Thirdly, the missing efficacy of our study might also result from the fact that our study did not explicitly address oversupply and misuse of certain classes of medications, but aimed at identifying and addressing unmet needs of patients as well. This problem has been discussed in literature. For example, in a systematic review of the literature, Hajjar et al stated that polypharmacy might not be reduced if intervention studies simultaneously addressed overuse and underuse of medications as both effects might even out each other.48 Regarding the secondary outcomes, it needs to be noted that healthcare costs could not be quantified in Euros in the short form of the Leipzig Supply and Cost Instrument, but instead are expressed as use of healthcare providers.
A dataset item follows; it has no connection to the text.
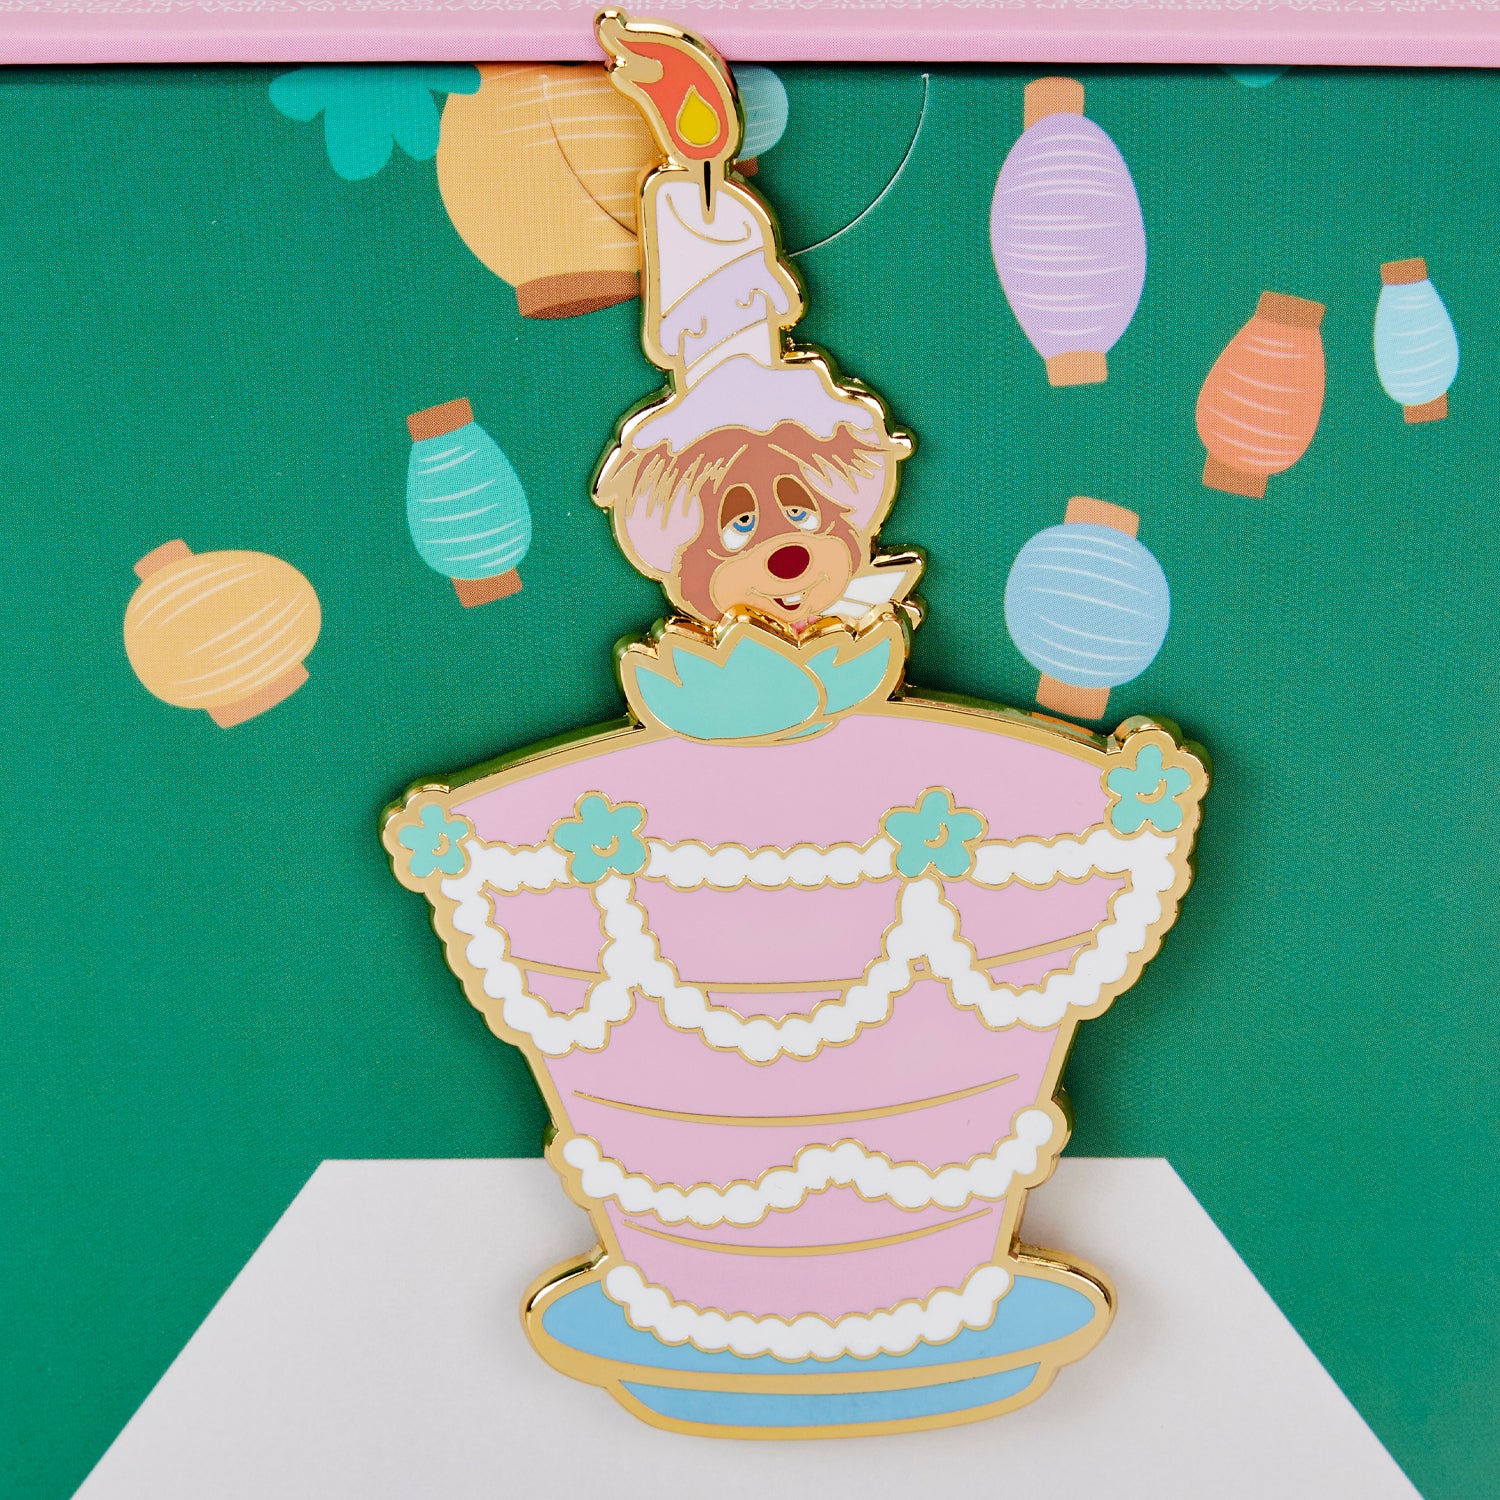 Loungefly x Disney Alice in Wonderland Unbirthday Cake Sliding 3 Inch Pin
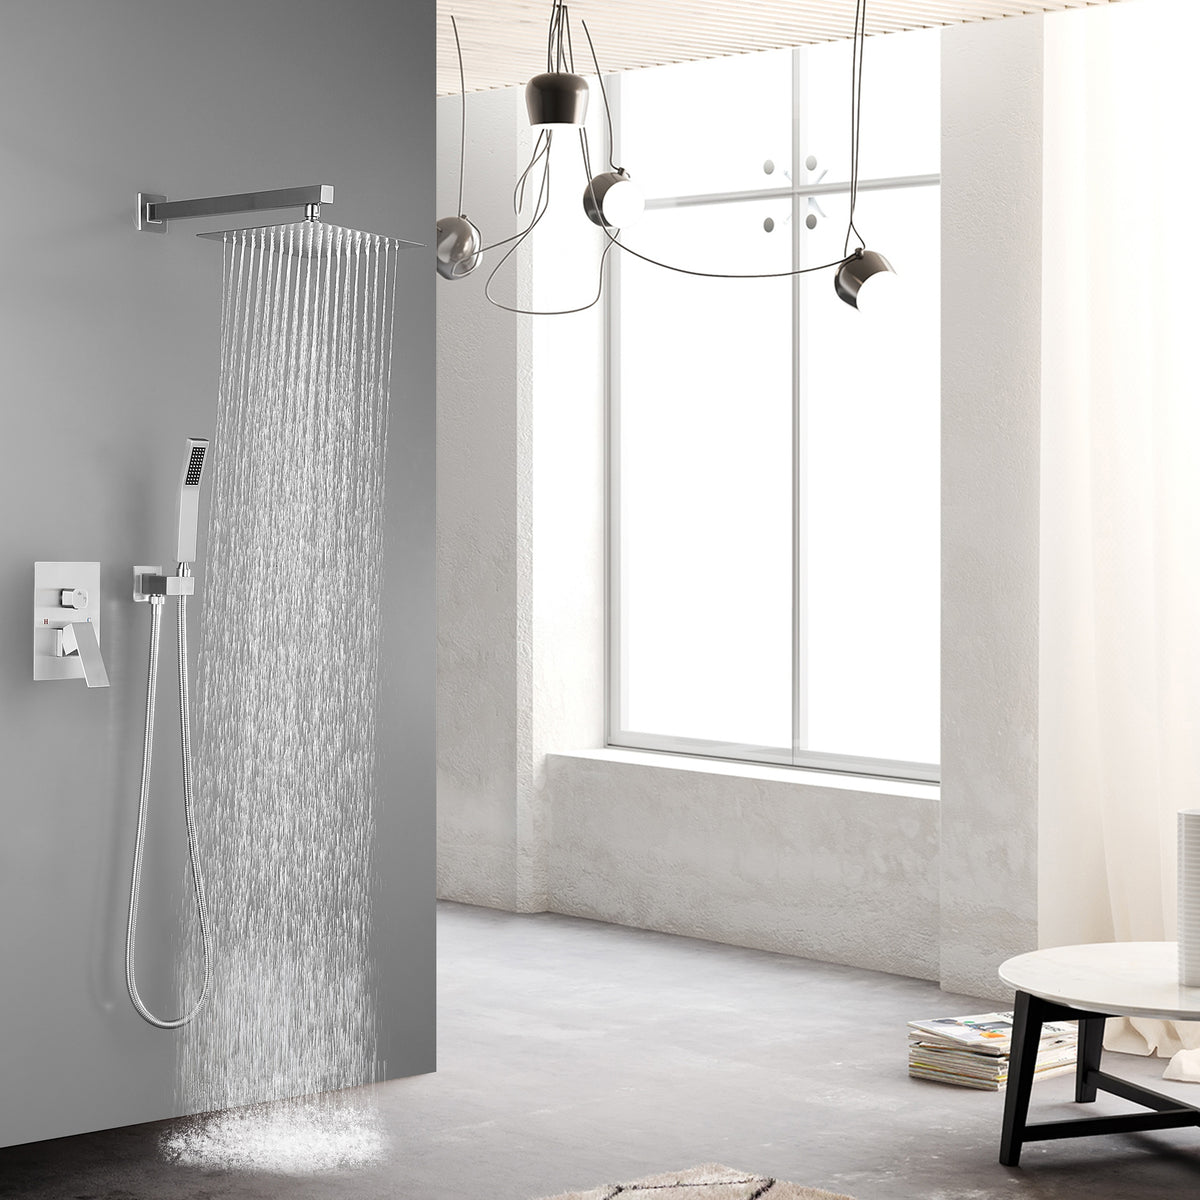 10 inch Shower Head Bathroom Luxury Rain Mixer Shower Complete Combo Set Wall Mounted - Brushed Nickel

There are also some limitations related to the representativeness of the study. The population was recruited among patients with multimorbidity who visited their GPs during the study period. Thus, non-users of general practice services were not included. Furthermore, we obtained a response rate of 48.8%, which means that more than half of the eligible population refused to participate in the study. However, on average, we recruited two patients more per practice than expected and the sample included 56 patients more than planned. As with most population-based healthcare research, selection bias towards cooperative patients who may have been more satisfied with their primary care than other patients cannot be excluded. Besides a slight patient selection bias regarding gender and certain diagnosis groups, we found no other baseline differences regarding sociodemographic data and no bias regarding medication intake.

Conclusions

This is the first cluster-randomised controlled trial investigating the effects of a multifaceted intervention based on the Chronic Care Model and Narrative Based Medicine on the number of medications taken and health-related quality of life. Intensifying the doctor–patient dialogue and discussing the patient’s agenda and personal needs did not lead to a reduction of medication intake nor did it alter health-related quality of life. Exploratory analyses show that the additional consultations in our intervention group probably have not been without any effect, but may have resulted in an increase of the medication load, especially regarding analgesics. Future interventions addressing both oversupply and undersupply of medications should therefore be accompanied by measures preventing an inappropriate prescription of medications.